__PROVIDED MATERIAL__

════════════════════

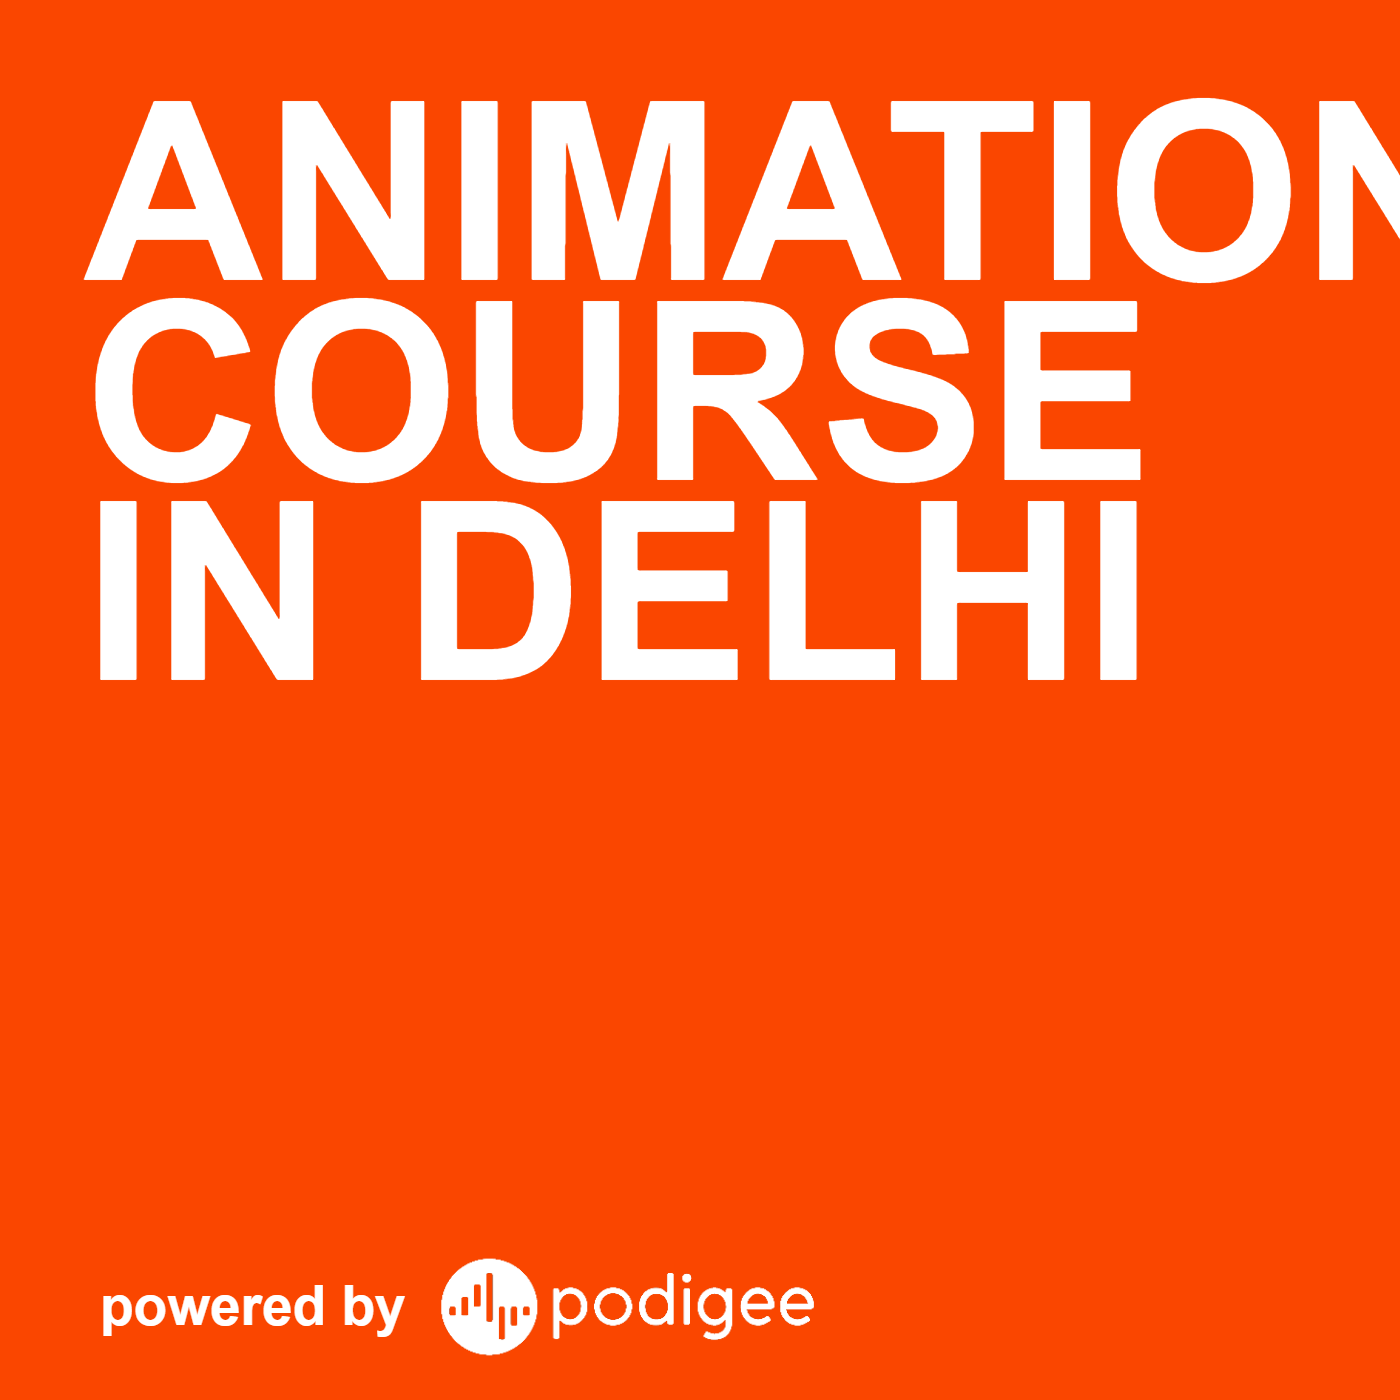 Animation Course in Delhi - Podcast
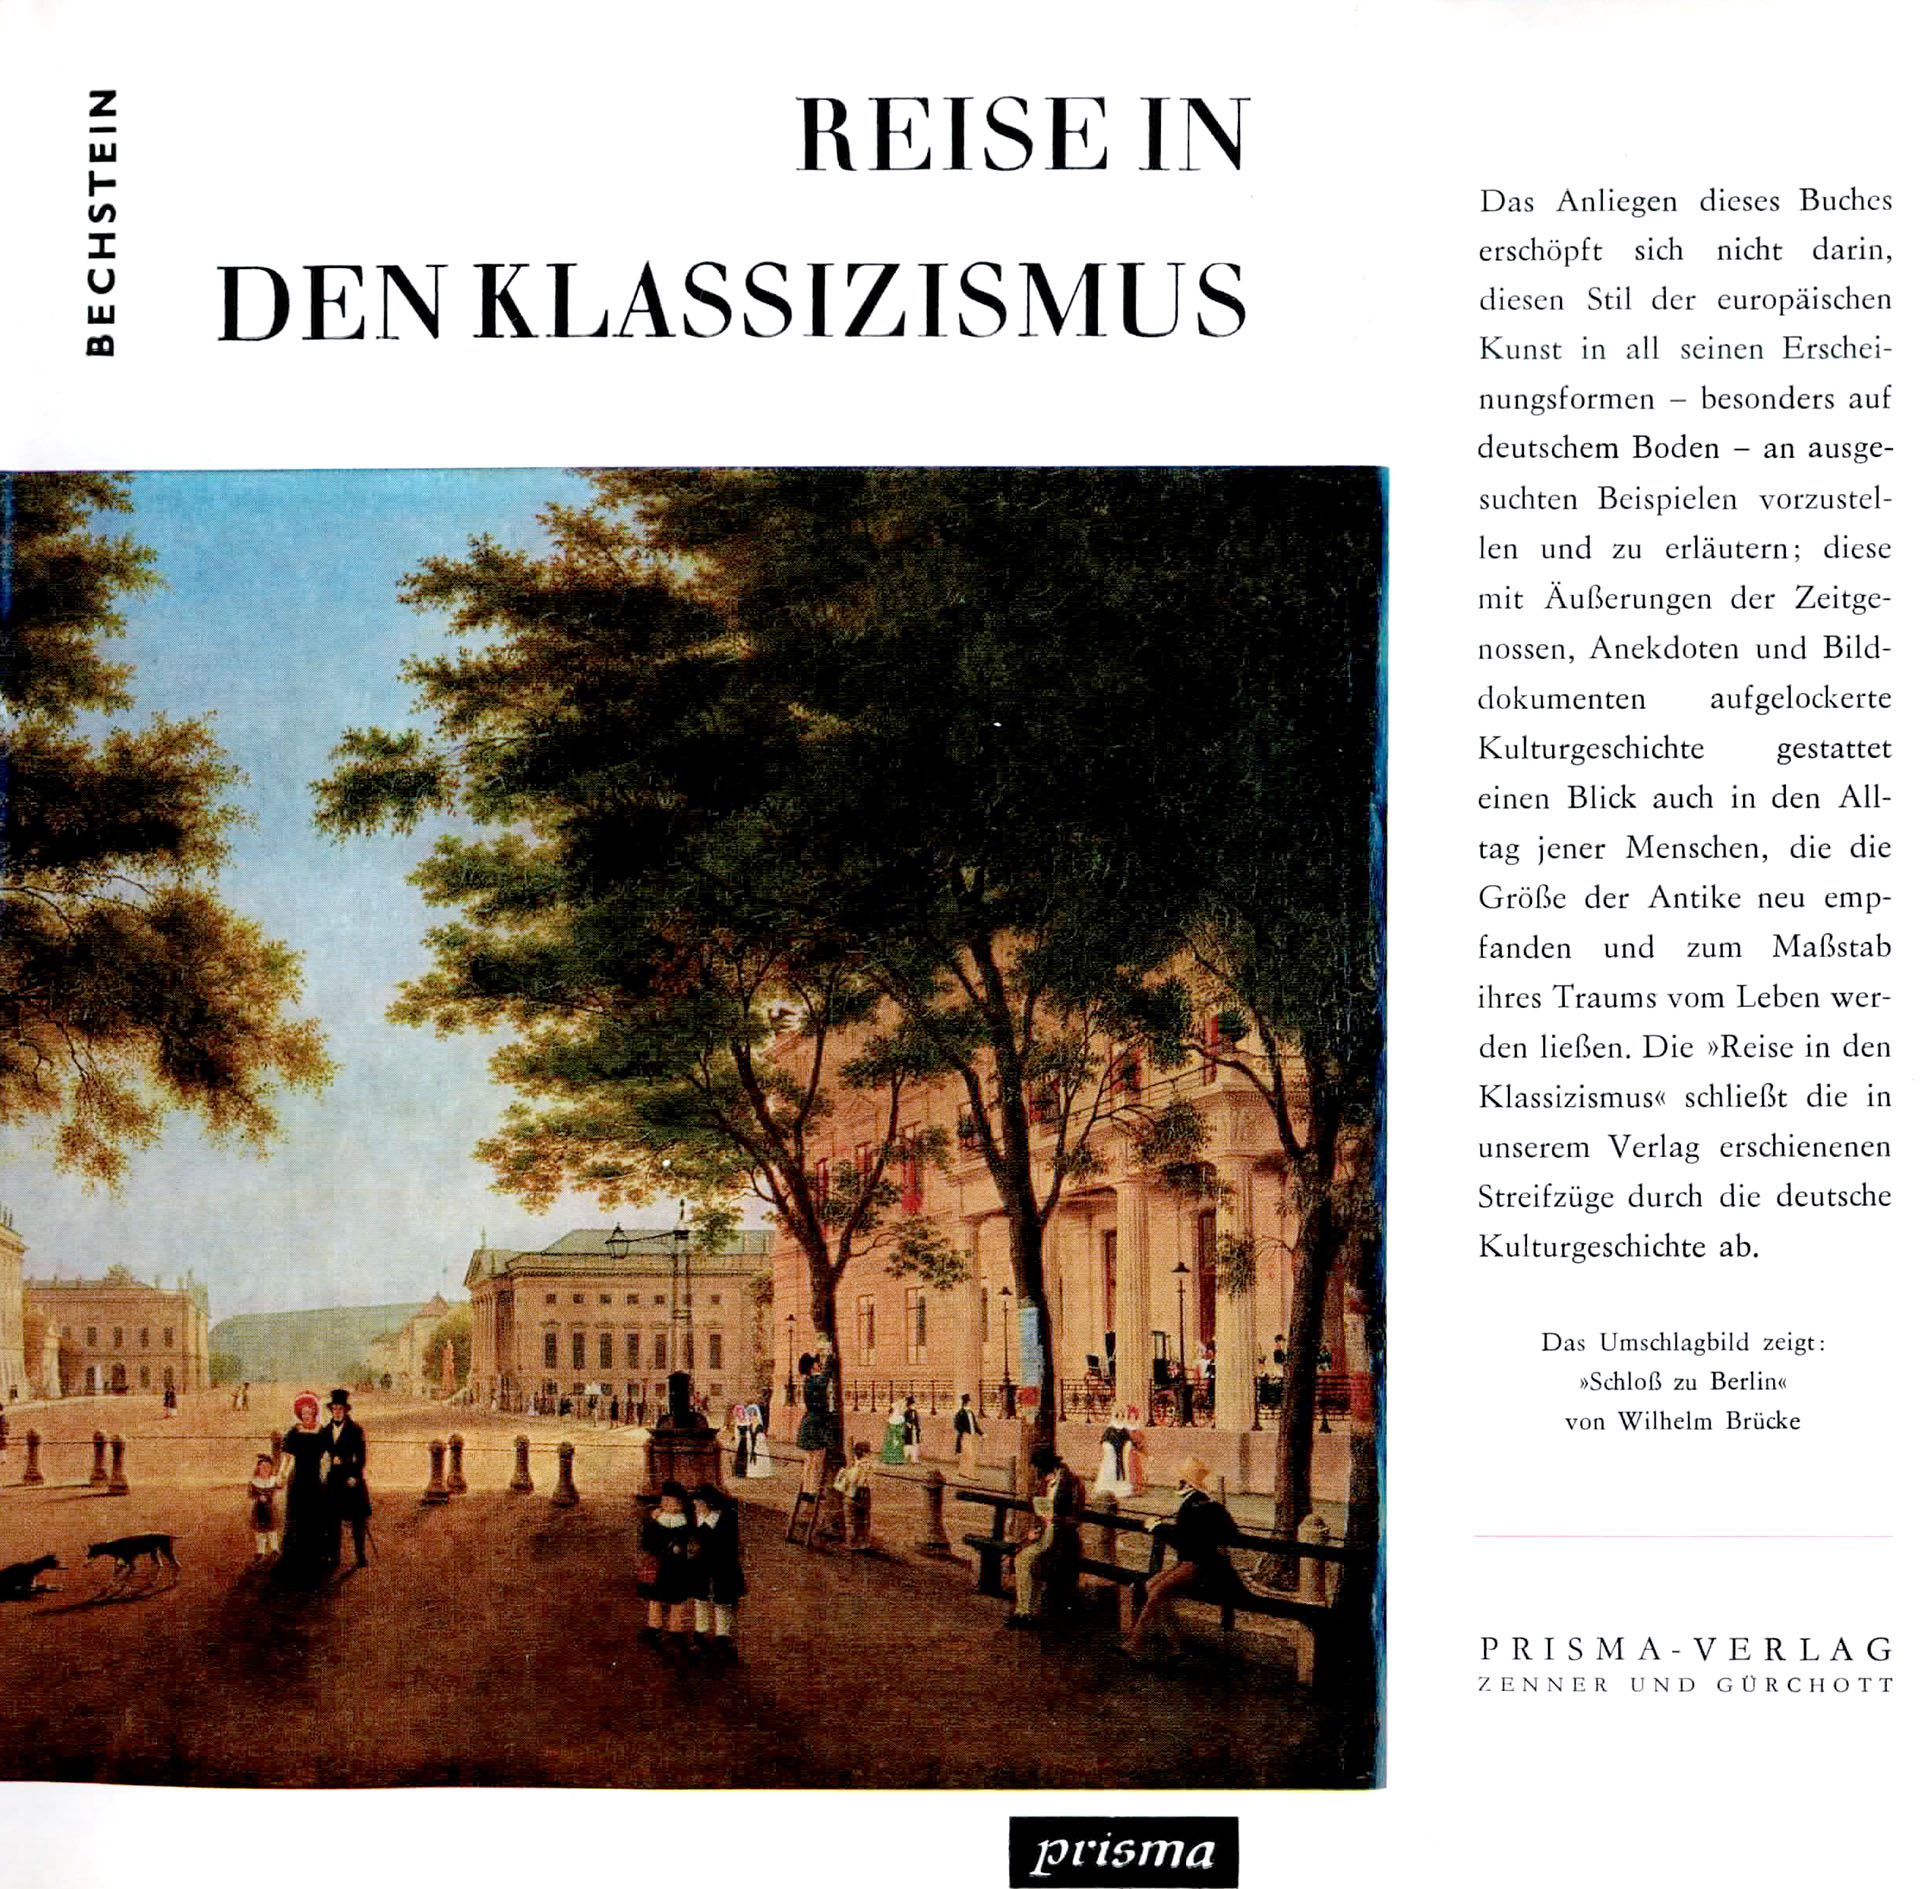 Reise in den Klassizismus - Bechstein, Hanns
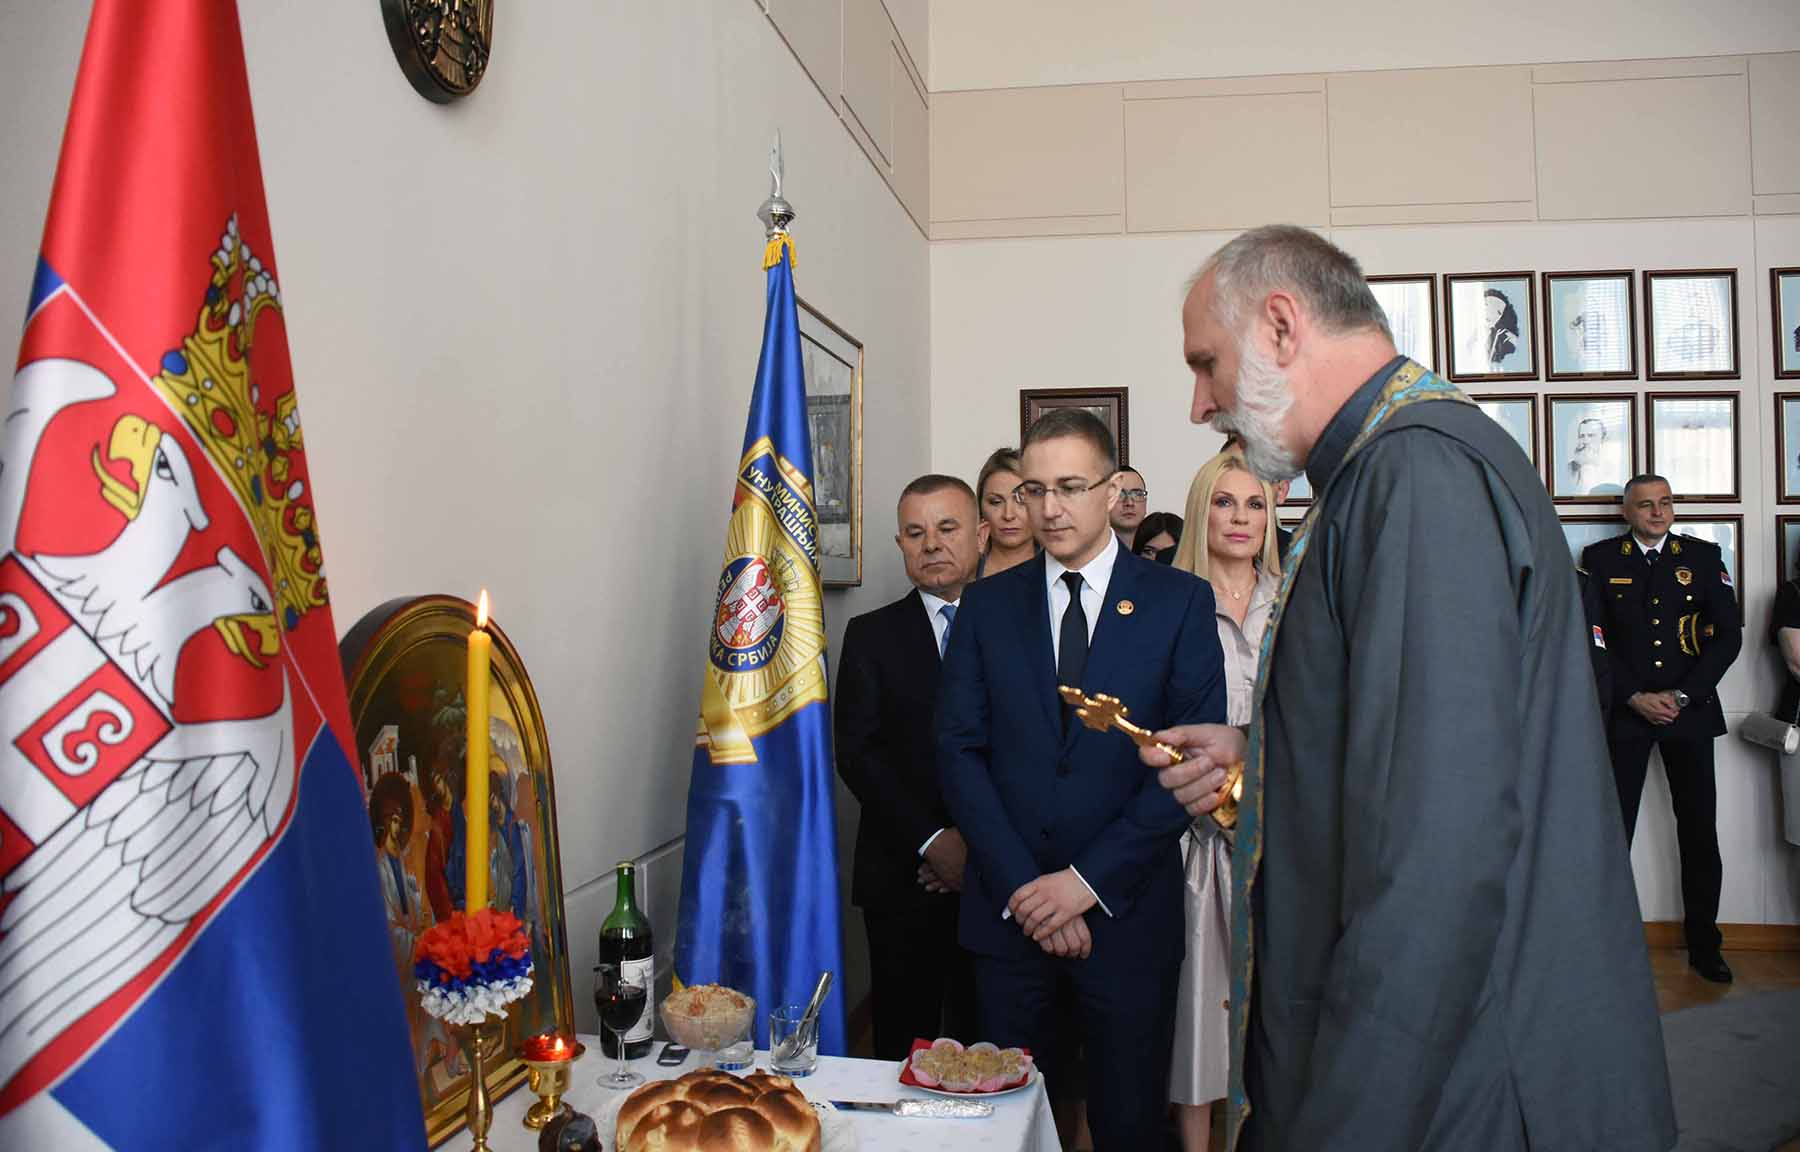 Svečano obeležena slava Ministarstva unutrašnjih poslova Republike Srbije - Sveta Trojica

════════════════════

__TASK DIRECTIONS__
Everything in the material above should be reproduced exactly, except the pictures.

__YOUR RESPONSE__
 Animation Course in Delhi - Podcast
 Reise in den Klassizismus - Bechstein, Hanns
 Svečano obeležena slava Ministarstva unutrašnjih poslova Republike Srbije - Sveta Trojica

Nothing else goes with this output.